SVB Leerink slashed its price target for Neovasc (NASDAQ:NVCN) to $2 from $6, citing timing uncertainty for a U.S. launch of the company’s Reducer stent for percutaneous treatment of refractory angina. The stock closed at 83 cents on Nov. 5.
Reducer is an hourglass-shaped stent-like device that raises blood pressure in the coronary sinus, increasing blood flow to the heart muscle. The device is a CE-marked and also available in Israel and Saudi Arabia. “The market opportunity is potentially large and we believe likely underappreciated by the Street,” writes analyst Danielle Antalffy.

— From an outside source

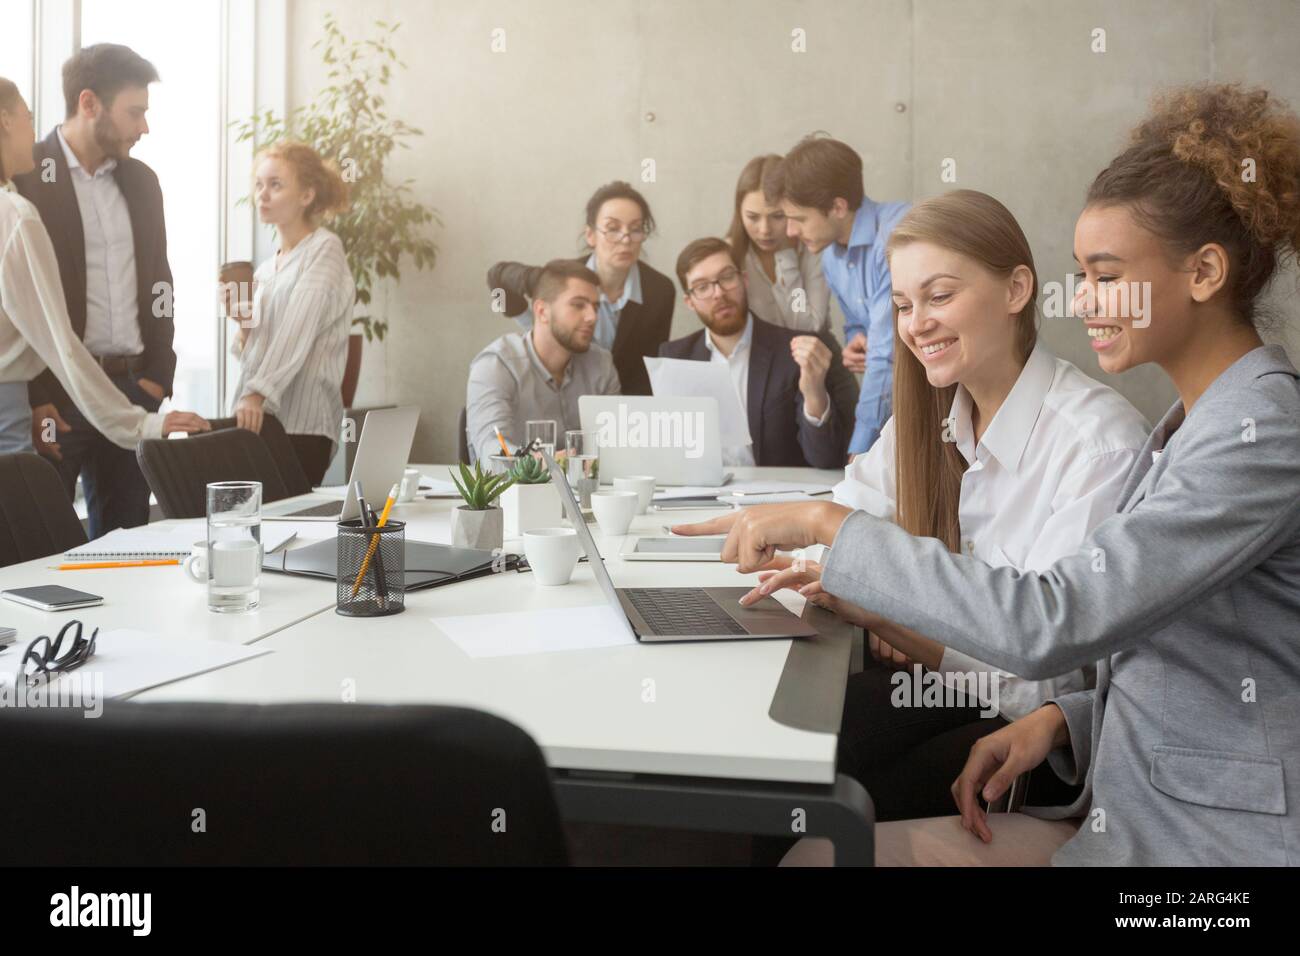 Groups of colleagues having break at meeting, using gadgets Stock Photo
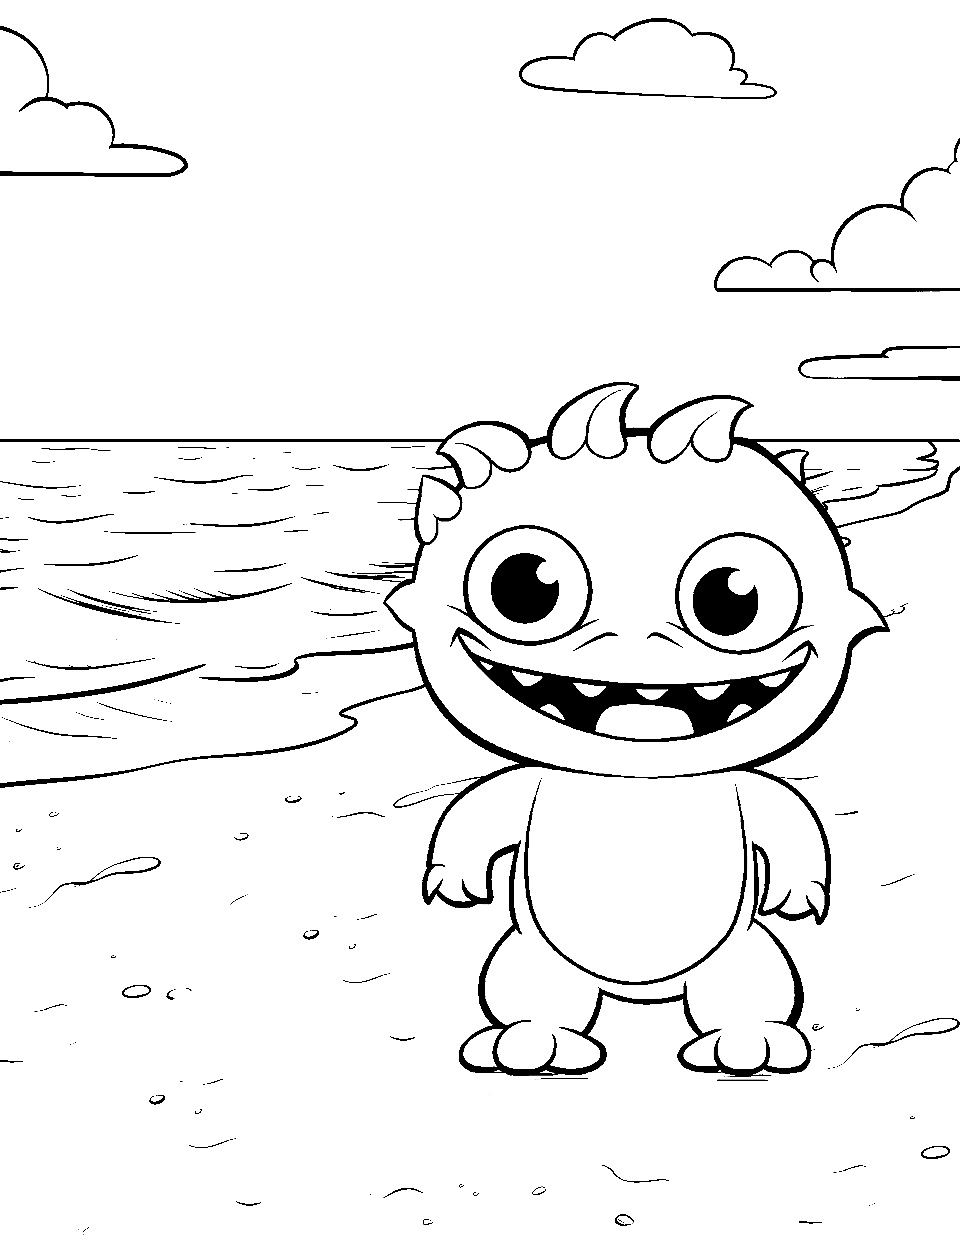 Adorable Sea Monster at the Beach Coloring Page - A friendly sea monster playing in the sand and waves at a beach.

“As it relates to our estimates, a near-term Reducer approval was not reflected in our model and we are not deterred in our view that the company eventually secures approval for the device, albeit now likely two-to-three years out,” Ms. Antalffy said.
An FDA panel recently voted against approval of the company’s PMA application with the broad-based view that current data is insufficient to show reasonable assurance that Reducer is effective for use in patients determined to have refractory angina and the benefit of Reducer does not outweigh the risk for use in patients determined to have refractory angina. The FDA has yet to make a decision regarding PMA approval.
“Ultimately, Reducer represents upside to our total addressable market and long-term estimates, which are almost entirely predicated on the company’s transcatheter mitral valve replacement (TMVR) product, Tiara, which we see as a frontrunner in the race to a first-to-market TMVR device in an addressable market that we peg at about $9-billion,” she added.
Ms. Antalffy said the company’s cash position is expected to last through March 2021. Neovasc is “examining all options – from raising capital to partnering assets to an outright sales. From our perspective, these assets do carry significant value – not just in the large mitral market, but also in the treatment of angina — and a sale or partnership is a very likely outcome at this point,” she added.